In the research detailed in Theorem 3.2 of²⁸ by Zhang et al., a particular class of QEC MDS codeshas been derived. These codes are defined by the parameters \([[b\frac{q-1}{2a}(q+1),b\frac{q-1}{2a}(q+1)-2k,k+1]]_q\), with the conditions that 2a divides \((q-1)\), \(1\le b\le 2a\) and \(1\le k\le \frac{q-1}{2}+\frac{q-1}{2a}\). By setting \(b=2(\mu +1)\) and \(2a=\frac{\gamma }{2}\), it is evident that the length of these QEC MDS codes is also \(\frac{(\mu +1)(q-1)}{\gamma }(q+1)\). However, in terms of the minimum distance, these codes have \(d\le \frac{q-1}{2}+\frac{2(q-1)}{\gamma }+1\). It is important to note that when \(\frac{\gamma +4}{8}\le \mu \le \frac{\gamma }{4}-1\), the inequality \(\frac{q-1}{2}+\frac{2(q-1)}{\gamma }+1\le (\frac{\gamma +4}{8}+\mu )\frac{2(q-1)}{\gamma }+1\) holds.

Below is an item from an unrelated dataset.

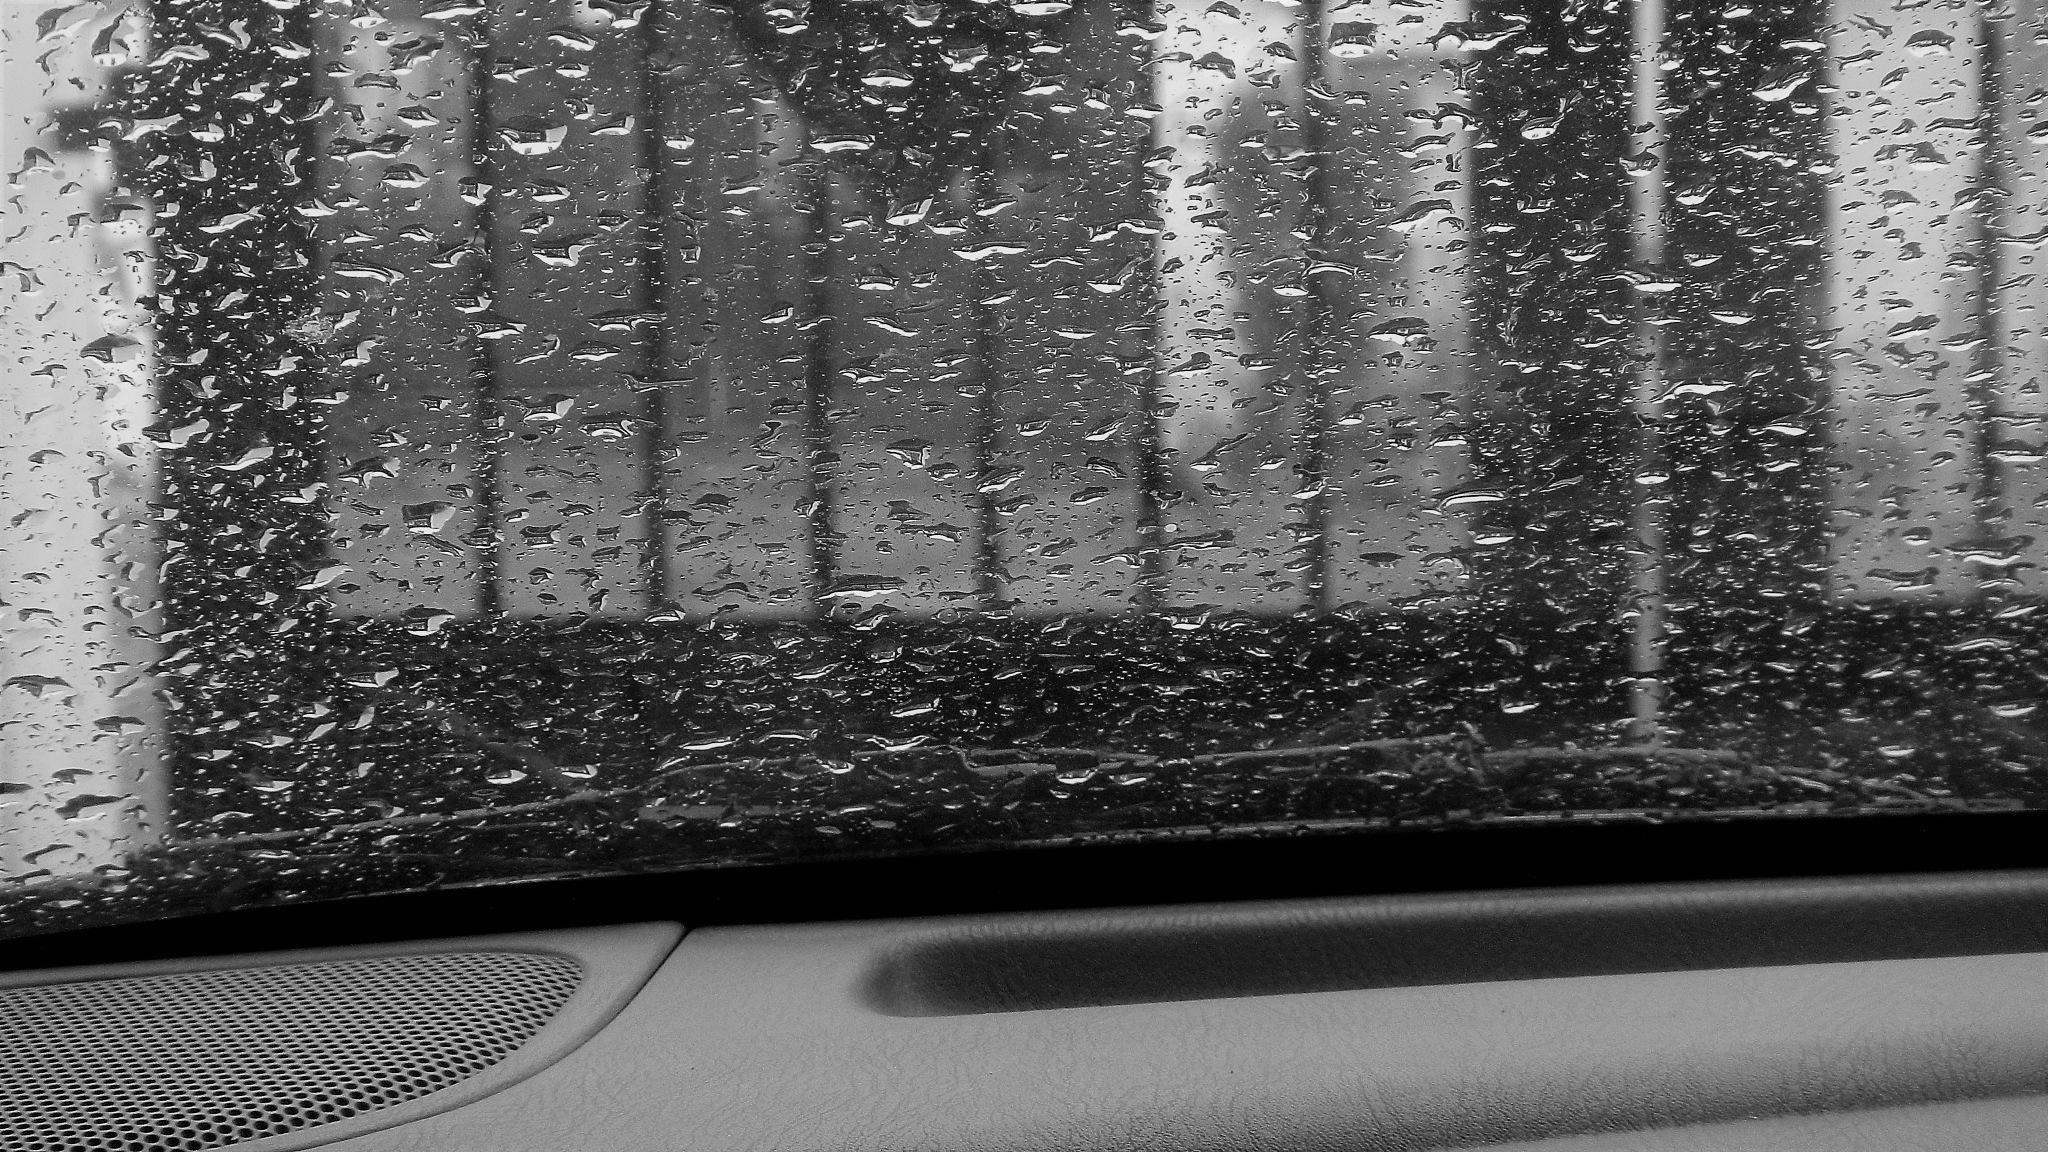 Raining by अनूप यादव (pixelzz)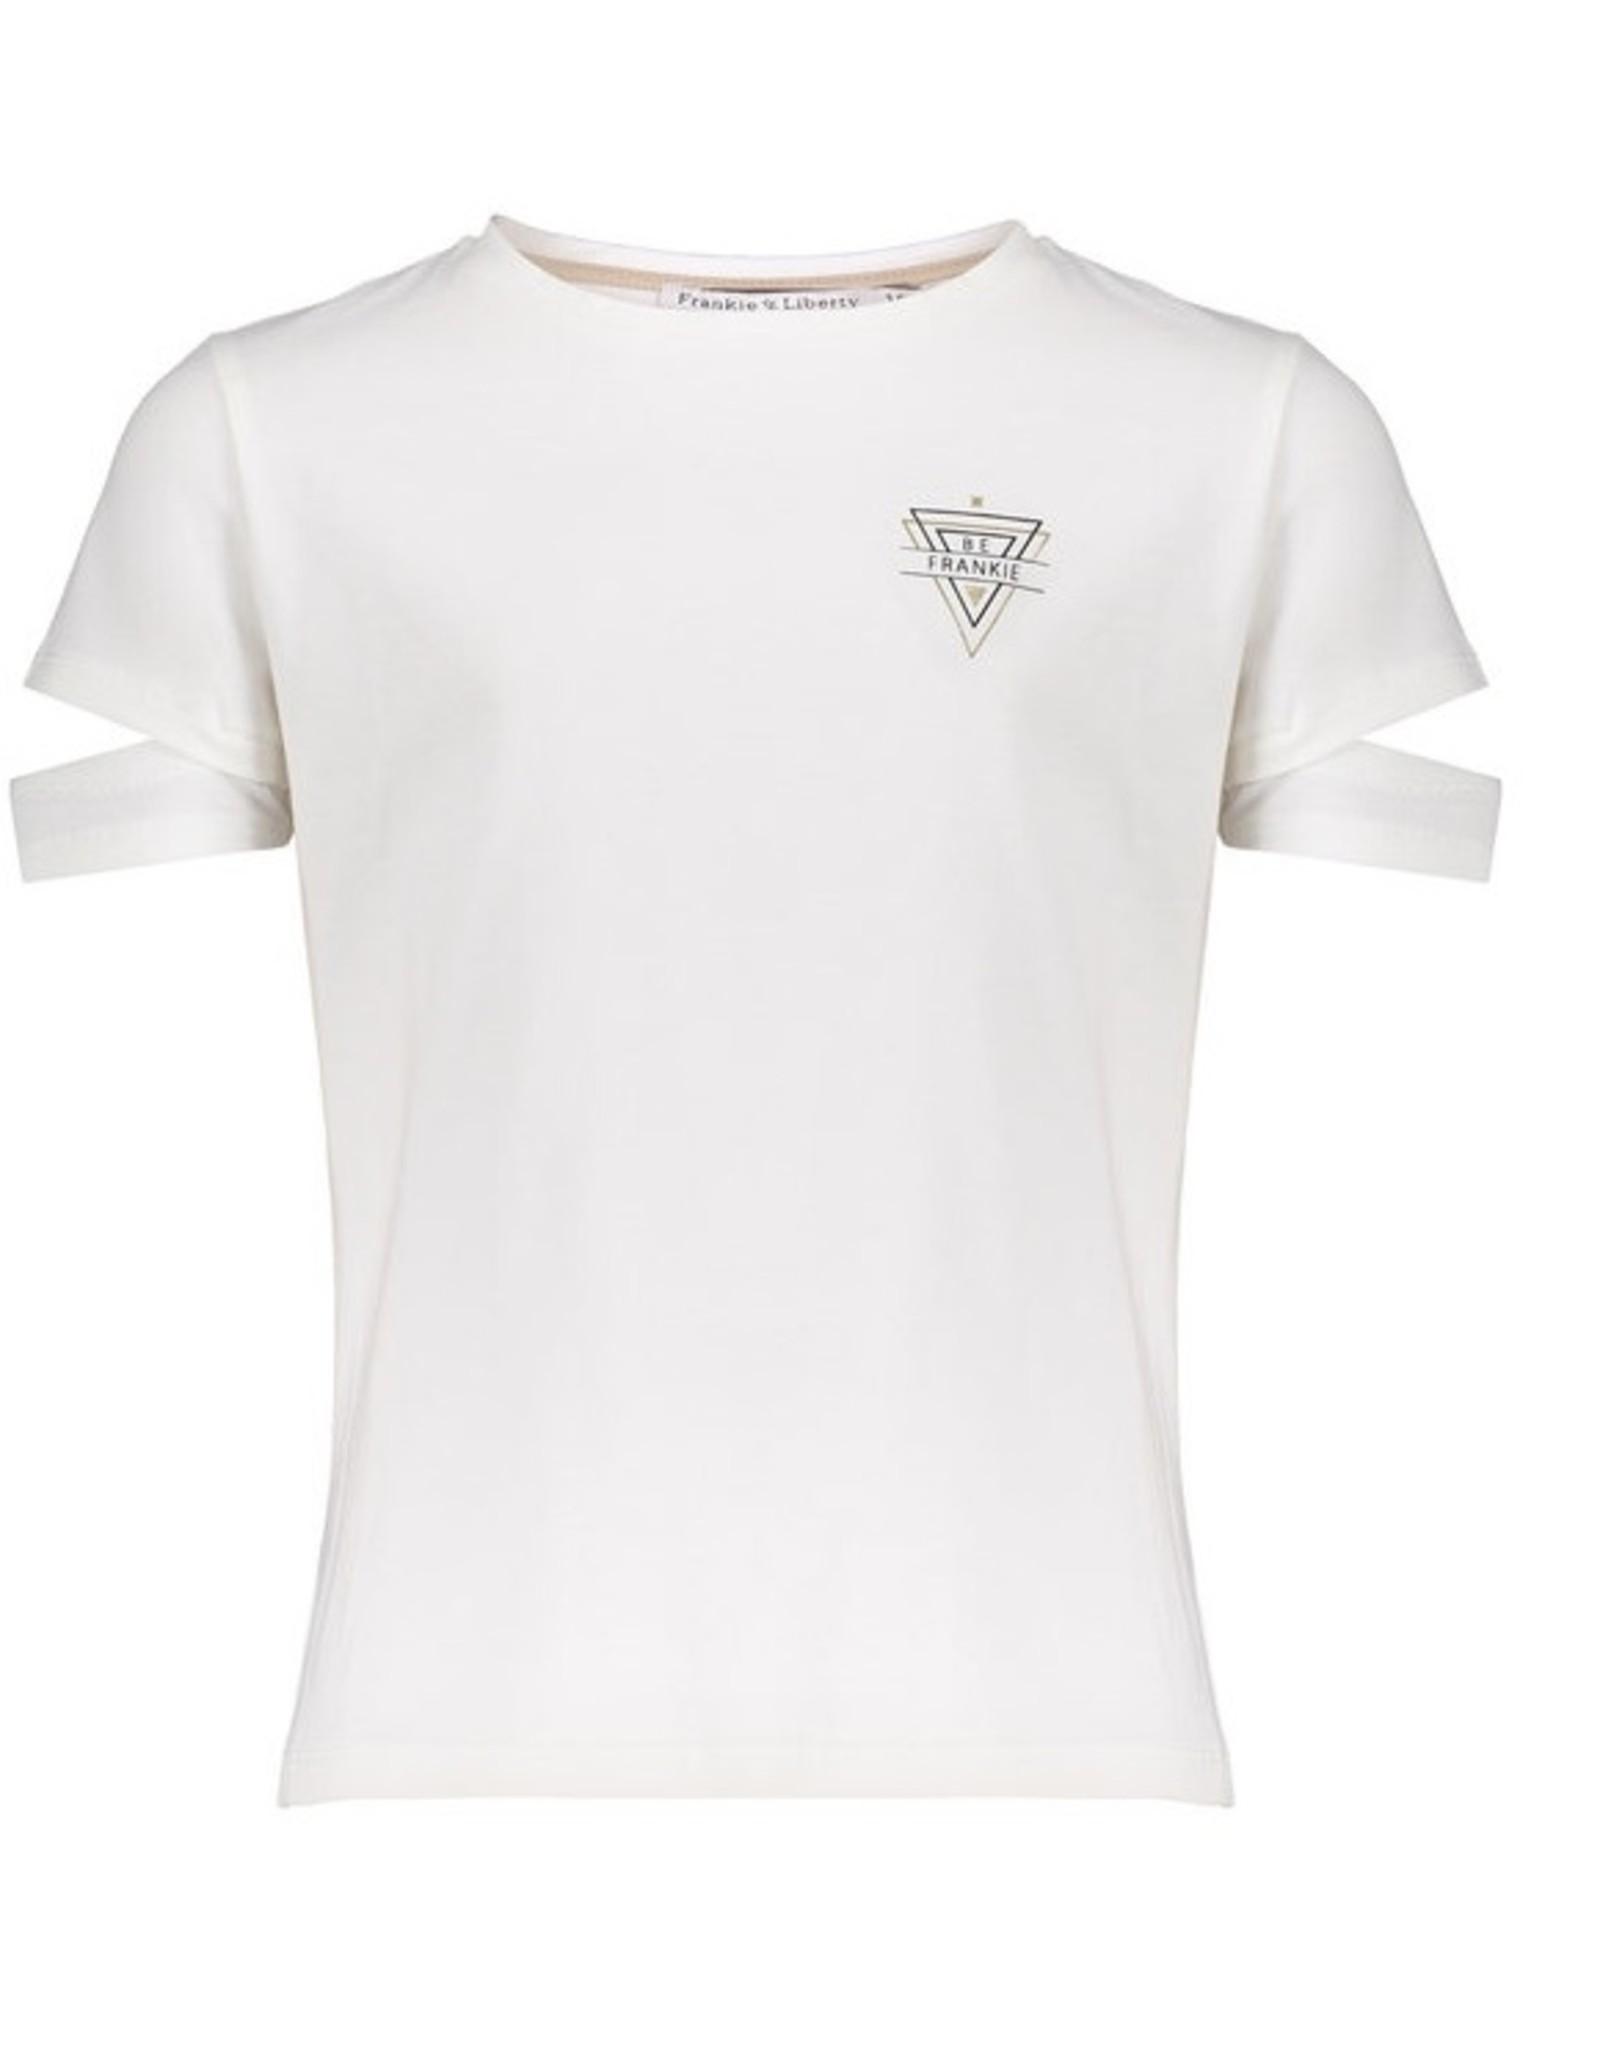 Frankie & Liberty Sienna T-Shirt

This conclusively demonstrates that our codes possess a substantially larger minimum distance.

In the works of Theorem 4.12 of²⁹ by Shi et al. and Corollary 3.4 of³² by Fang et al., a class of QEC MDS codes codes has been constructed. These codes are parameterized as \([[\frac{\theta (q-1)}{h}(q+1),\frac{\theta (q-1)}{h}(q+1)-2k,k+1]]_q\), under the conditions that h divides \((q-1)\), \(1\le \theta \le h\) and \(1\le k\le \frac{\theta (q-1)}{h}-1\). By setting \(h=\frac{\gamma }{2}\) and \(\theta =\frac{\mu +1}{2}\), it can be observed that their QEC MDS codes possess a length of \(\theta \frac{q^2-1}{h}=(\mu +1)\frac{q^2-1}{\gamma }\), which coincides with the length of our codes described in Theorem 8. Nevertheless, in terms of the minimum distance, their codes have \(d\le \frac{\theta (q-1)}{h}=\frac{(\mu +1)(q-1)}{\gamma }\). It is noteworthy that the inequality \(\frac{(\mu +1)(q-1)}{\gamma }< (\frac{\gamma +4}{8}+\mu )\frac{2(q-1)}{\gamma }\) holds. This clearly indicates that our codes exhibit a significantly larger minimum distance.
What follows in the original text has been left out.